--- Given information ---
☆ ☆ ☆ ☆ ☆ ☆ ☆
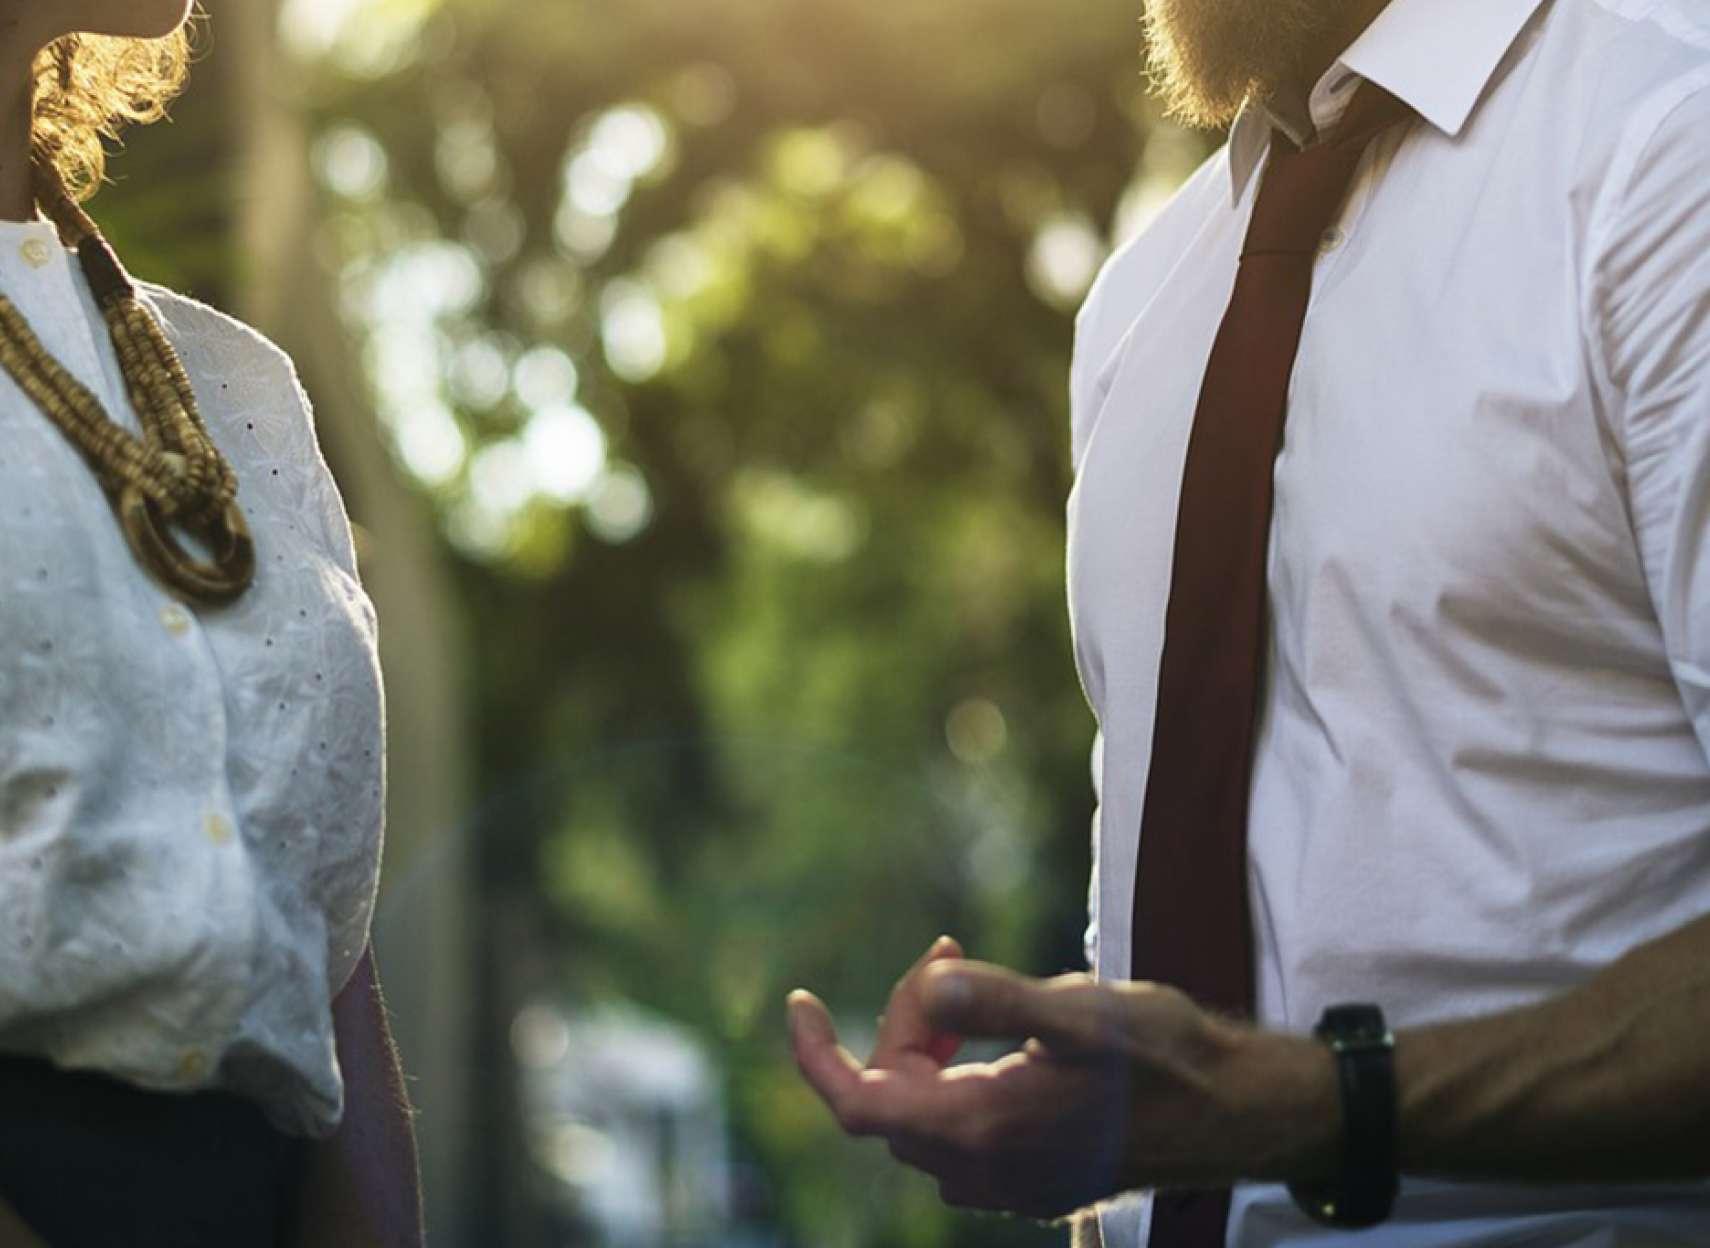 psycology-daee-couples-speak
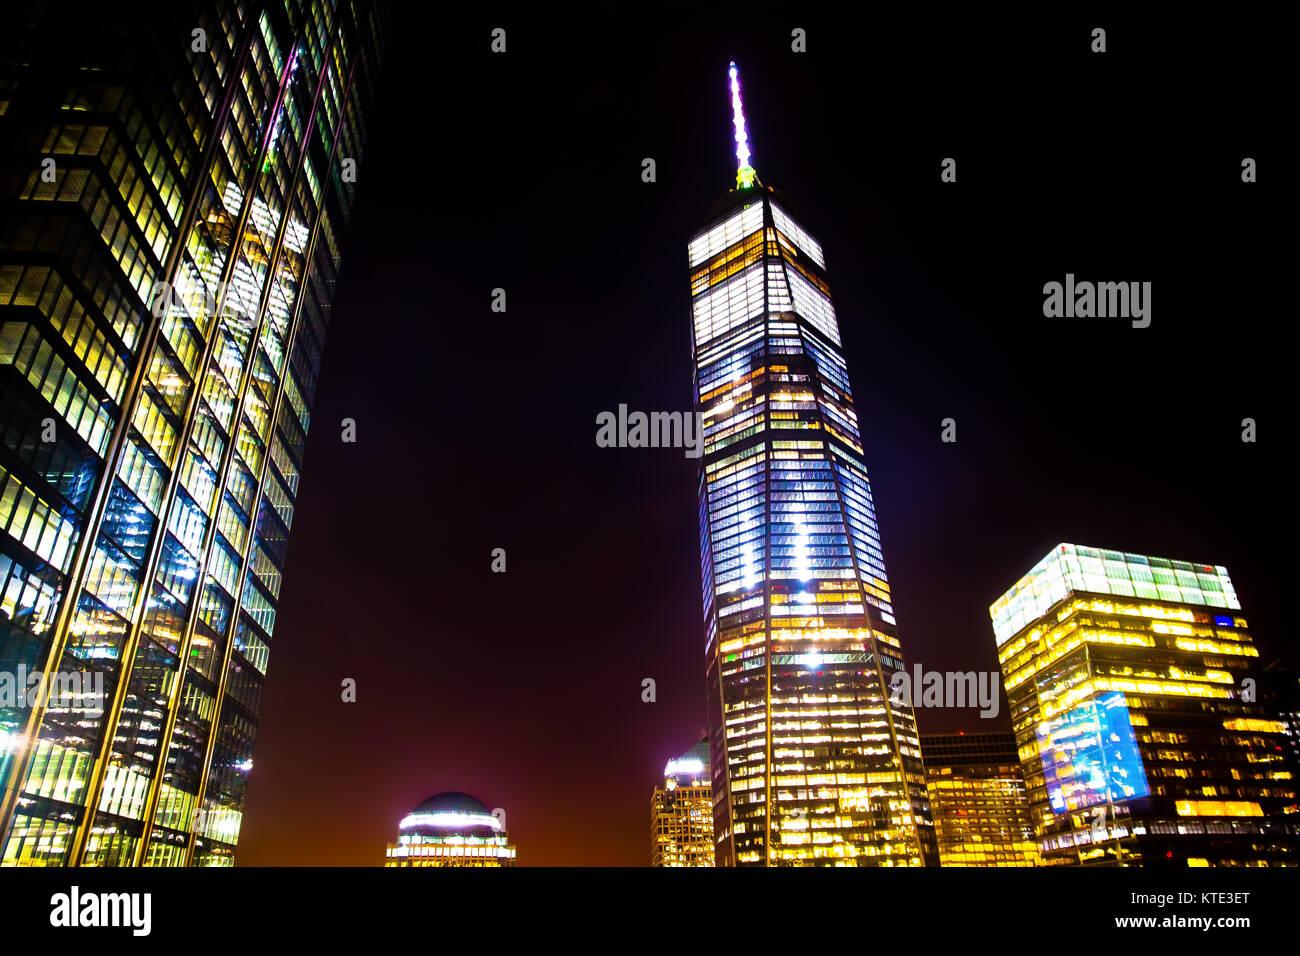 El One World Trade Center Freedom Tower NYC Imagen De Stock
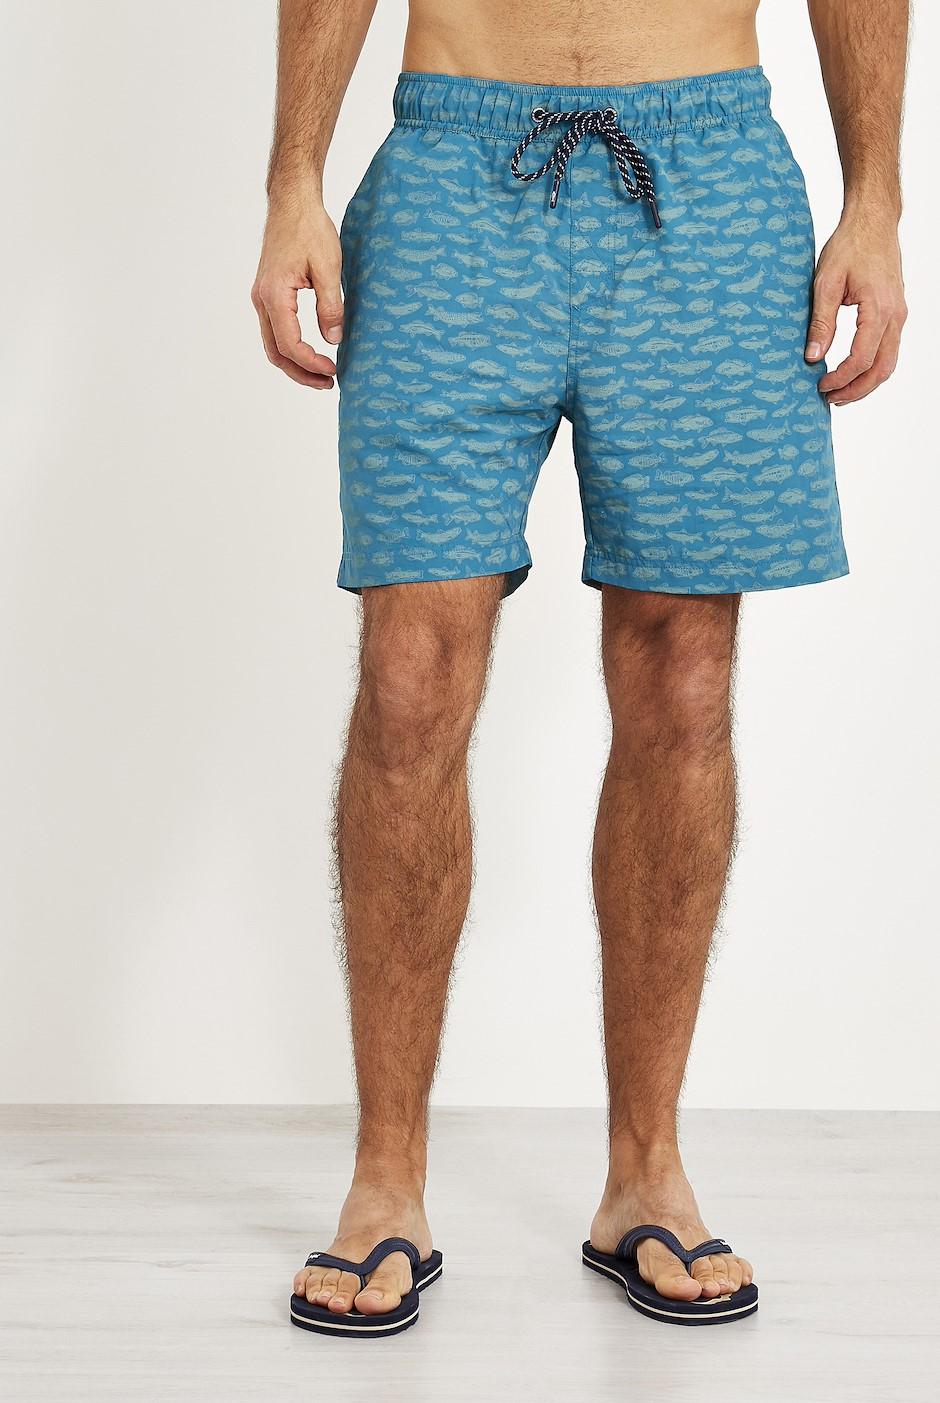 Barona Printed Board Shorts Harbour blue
☆ ☆ ☆ ☆ ☆ ☆ ☆
In the reply, every line of the material above is to be reproduced verbatim, and the images are to be left out.

 psycology-daee-couples-speak
 El One World Trade Center Freedom Tower NYC Imagen De Stock
 Barona Printed Board Shorts Harbour blue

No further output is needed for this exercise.